## WORK ITEM
In the data below, find the line that contains "Para atraer a" and the line that contains "Esquela de SEPELIO". Copy both, plus every line between them, exactly.

[Extracted data entries]
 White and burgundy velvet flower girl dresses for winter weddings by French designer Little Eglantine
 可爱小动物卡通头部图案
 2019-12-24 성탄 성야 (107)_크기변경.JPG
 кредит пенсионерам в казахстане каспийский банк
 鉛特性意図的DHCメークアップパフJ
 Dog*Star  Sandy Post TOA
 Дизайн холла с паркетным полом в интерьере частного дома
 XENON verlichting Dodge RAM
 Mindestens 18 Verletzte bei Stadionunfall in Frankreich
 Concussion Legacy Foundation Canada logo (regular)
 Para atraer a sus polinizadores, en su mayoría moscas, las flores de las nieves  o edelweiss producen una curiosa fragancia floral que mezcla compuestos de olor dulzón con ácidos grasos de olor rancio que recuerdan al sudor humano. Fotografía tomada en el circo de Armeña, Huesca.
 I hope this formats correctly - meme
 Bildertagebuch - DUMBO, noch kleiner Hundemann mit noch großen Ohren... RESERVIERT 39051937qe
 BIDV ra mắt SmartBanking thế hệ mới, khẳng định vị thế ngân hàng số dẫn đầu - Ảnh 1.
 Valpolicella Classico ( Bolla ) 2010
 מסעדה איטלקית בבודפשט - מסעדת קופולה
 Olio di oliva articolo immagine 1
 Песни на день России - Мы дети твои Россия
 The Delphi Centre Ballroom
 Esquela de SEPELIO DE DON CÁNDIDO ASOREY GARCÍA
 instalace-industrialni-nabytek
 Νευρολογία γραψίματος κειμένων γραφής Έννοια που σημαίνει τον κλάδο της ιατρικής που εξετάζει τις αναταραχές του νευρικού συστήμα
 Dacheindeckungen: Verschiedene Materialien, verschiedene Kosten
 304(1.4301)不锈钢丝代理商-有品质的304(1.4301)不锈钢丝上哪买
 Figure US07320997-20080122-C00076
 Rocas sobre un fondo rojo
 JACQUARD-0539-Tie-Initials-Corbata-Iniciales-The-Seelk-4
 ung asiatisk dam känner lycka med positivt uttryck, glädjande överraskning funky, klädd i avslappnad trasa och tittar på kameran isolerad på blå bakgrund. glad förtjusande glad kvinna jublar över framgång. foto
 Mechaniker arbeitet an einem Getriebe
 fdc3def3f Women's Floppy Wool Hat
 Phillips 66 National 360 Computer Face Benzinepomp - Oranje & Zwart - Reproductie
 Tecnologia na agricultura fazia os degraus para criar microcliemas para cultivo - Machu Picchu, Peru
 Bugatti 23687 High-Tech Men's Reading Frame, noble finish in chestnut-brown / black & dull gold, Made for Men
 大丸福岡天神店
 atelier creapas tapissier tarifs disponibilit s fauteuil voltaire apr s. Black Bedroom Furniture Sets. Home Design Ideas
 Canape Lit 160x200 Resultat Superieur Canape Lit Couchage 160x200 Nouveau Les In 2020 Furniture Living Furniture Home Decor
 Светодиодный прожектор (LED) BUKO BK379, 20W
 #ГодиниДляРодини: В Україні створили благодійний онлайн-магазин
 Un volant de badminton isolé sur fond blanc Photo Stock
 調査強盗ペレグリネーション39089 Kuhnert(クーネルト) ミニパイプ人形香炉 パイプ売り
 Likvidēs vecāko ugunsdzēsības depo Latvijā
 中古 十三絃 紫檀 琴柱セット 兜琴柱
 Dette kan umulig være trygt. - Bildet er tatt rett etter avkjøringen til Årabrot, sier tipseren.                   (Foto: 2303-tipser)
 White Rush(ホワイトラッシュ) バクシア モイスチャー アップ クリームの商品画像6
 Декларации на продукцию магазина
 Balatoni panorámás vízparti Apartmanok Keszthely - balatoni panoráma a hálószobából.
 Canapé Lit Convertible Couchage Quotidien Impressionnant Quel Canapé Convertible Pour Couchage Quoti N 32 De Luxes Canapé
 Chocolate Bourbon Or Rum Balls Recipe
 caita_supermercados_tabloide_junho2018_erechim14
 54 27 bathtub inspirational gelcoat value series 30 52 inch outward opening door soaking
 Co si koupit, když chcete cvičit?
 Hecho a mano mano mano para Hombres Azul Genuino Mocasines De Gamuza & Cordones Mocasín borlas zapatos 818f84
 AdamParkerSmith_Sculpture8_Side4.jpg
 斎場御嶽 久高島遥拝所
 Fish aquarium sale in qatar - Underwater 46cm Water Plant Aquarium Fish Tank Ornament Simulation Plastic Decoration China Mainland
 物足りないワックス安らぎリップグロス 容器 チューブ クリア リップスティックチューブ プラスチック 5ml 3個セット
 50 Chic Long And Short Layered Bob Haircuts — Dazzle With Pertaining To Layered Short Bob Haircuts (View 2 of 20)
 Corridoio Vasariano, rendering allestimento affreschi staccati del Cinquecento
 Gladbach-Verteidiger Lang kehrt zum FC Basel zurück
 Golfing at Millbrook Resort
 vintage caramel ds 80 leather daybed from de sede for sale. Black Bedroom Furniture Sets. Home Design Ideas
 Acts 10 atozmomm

## SOLUTION TO THE EXERCISE
 Para atraer a sus polinizadores, en su mayoría moscas, las flores de las nieves  o edelweiss producen una curiosa fragancia floral que mezcla compuestos de olor dulzón con ácidos grasos de olor rancio que recuerdan al sudor humano. Fotografía tomada en el circo de Armeña, Huesca.
 I hope this formats correctly - meme
 Bildertagebuch - DUMBO, noch kleiner Hundemann mit noch großen Ohren... RESERVIERT 39051937qe
 BIDV ra mắt SmartBanking thế hệ mới, khẳng định vị thế ngân hàng số dẫn đầu - Ảnh 1.
 Valpolicella Classico ( Bolla ) 2010
 מסעדה איטלקית בבודפשט - מסעדת קופולה
 Olio di oliva articolo immagine 1
 Песни на день России - Мы дети твои Россия
 The Delphi Centre Ballroom
 Esquela de SEPELIO DE DON CÁNDIDO ASOREY GARCÍA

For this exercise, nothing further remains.